Spatial transcriptomics preserves tissue architecture and links gene expression to the native positional context of cells, enabling researchers to uncover functional regions, microenvironments, and interactions that are invisible to dissociated single-cell methods. The 10x Genomics Visium Spatial Gene Expression platform maps gene activity across intact tissue sections while maintaining spatial context, revealing how cells organise, interact, and function within healthy and diseased tissues.

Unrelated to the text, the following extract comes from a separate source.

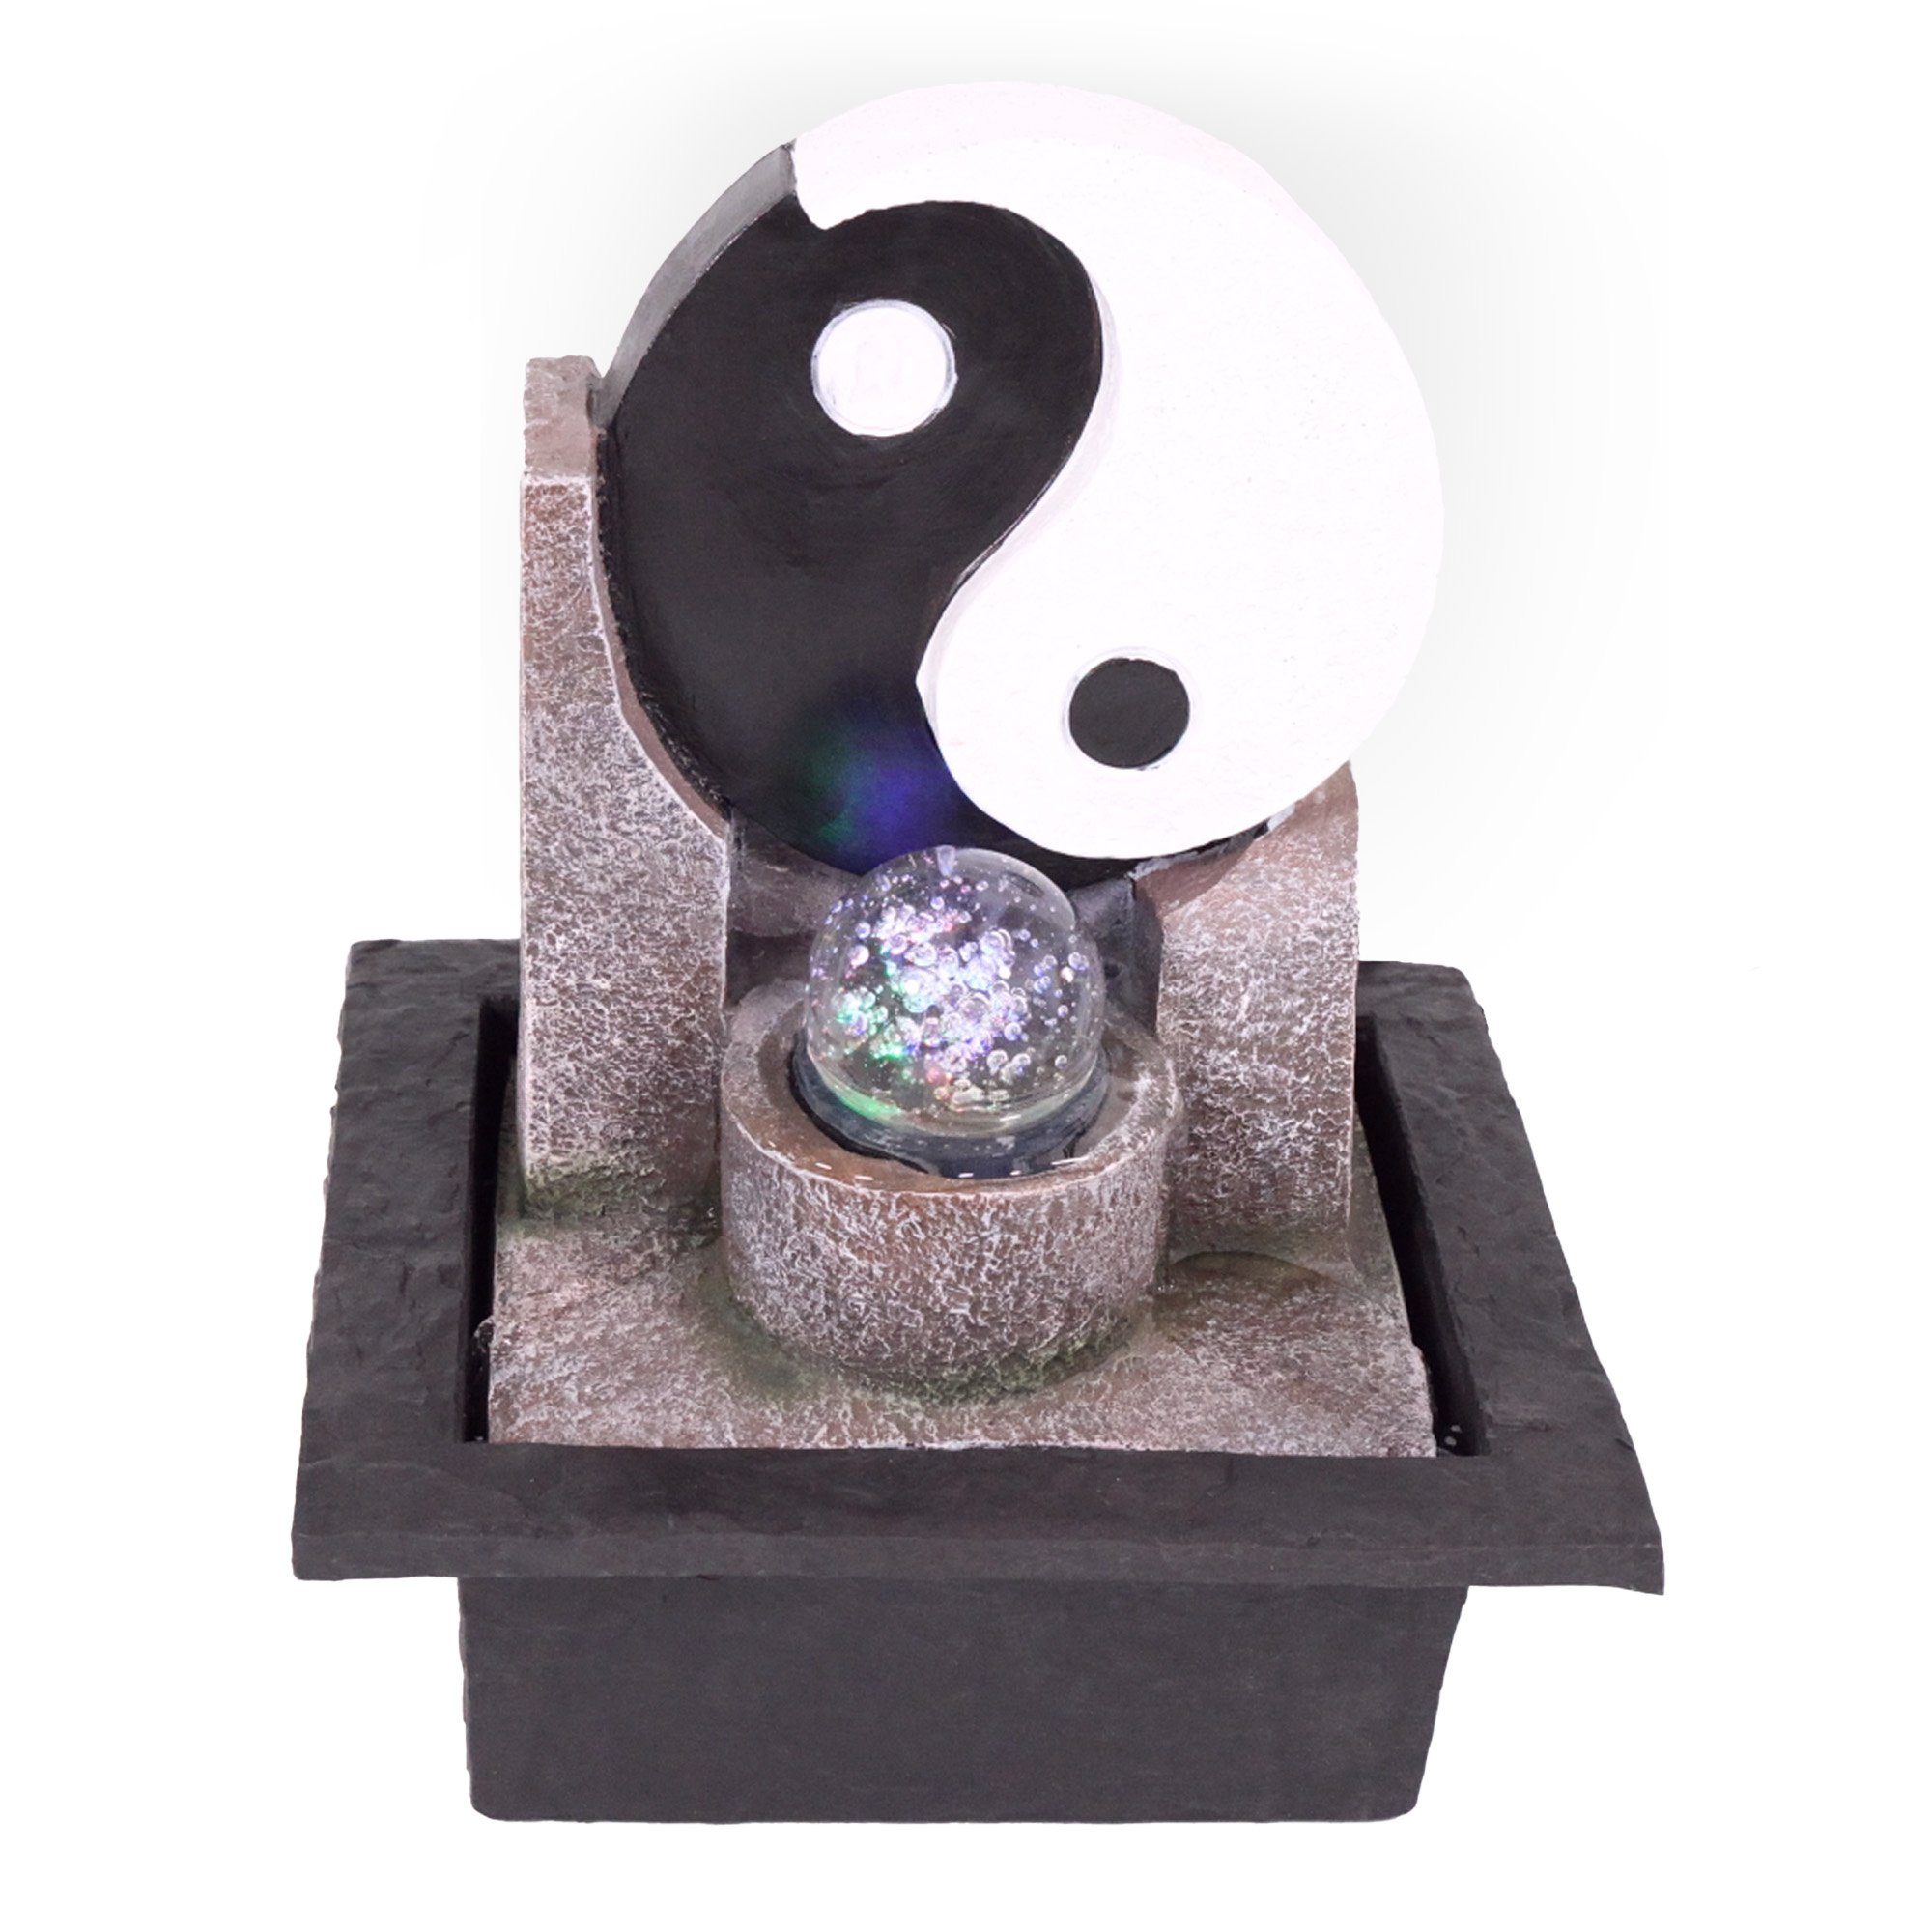 NATIV Zimmerbrunnen Motiv-Tischbrunnen mit Pumpe und Beleuchtung, LED-Beleuchtung Yin Yang

The Visium CytAssist is a compact benchtop instrument that streamlines spatial profiling workflows and enables flexible sample management. It supports fresh tissue sections as well as pre-sectioned archival slides, including H&E- or immunofluorescence-stained FFPE samples. Researchers can pre-screen tissues using standard histology to select biologically relevant regions before spatial analysis. CytAssist automates precise probe transfer to capture slides in a controlled environment, ensuring accurate spatial barcode assignment and high-fidelity spatial gene expression data.
The Visium CytAssist facilitates the precise transfer of transcriptomic probes for FFPE or fresh frozen tissue samples. In this workflow, sectioning, tissue preparation, staining (H&E or immunofluorescence), and imaging are performed on standard glass slides. After probe hybridization, the standard slides and a Visium slide with two Capture Areas are positioned in the CytAssist instrument, aligning the tissue sections over the Capture Areas. The instrument captures a brightfield image to provide spatial orientation for data analysis, followed by hybridization of transcriptomic probes to the Visium slide.
After CytAssist processing, the standard Visium workflow continues:
This integrated workflow enables high-fidelity spatial gene expression mapping while preserving tissue architecture, allowing researchers to study cellular organisation and interactions within intact tissue sections.

Visium HD Spatial Gene Expression slides contain two 6.5 x 6.5 mm Capture Areas with a continuous lawn of oligonucleotides arrayed in ~11 million 2 x 2 μm barcoded squares without gaps, achieving single cell–scale spatial resolution. The data is output at 2 μm, as well as multiple bin sizes. The 8 x 8 μm bin is the recommended starting point for visualization and analysis.



Nuclei-based cell segmentation leverages high-resolution H&E microscopy images to assign Visium HD barcodes to individual cell nuclei. Instead of aggregating barcodes into conventional fixed square bins, this approach segments nuclei from the microscopy image and groups the underlying barcodes corresponding to each nucleus, creating expanded cell bins that generate gene expression profiles at the single-cell level. By using actual nuclear boundaries, this method refines spatial gene expression data and improves biological interpretation compared with traditional square-binning approaches.


The Visium workflow transforms raw sequencing data into spatially resolved gene expression maps using Space Ranger, with QC and integration performed in tools like Seurat. Processed datasets can then be explored in Loupe Browser to visualise cell clusters, spot composition, differentially expressed genes, and annotated tissue regions — delivering actionable insights and publication-ready figures.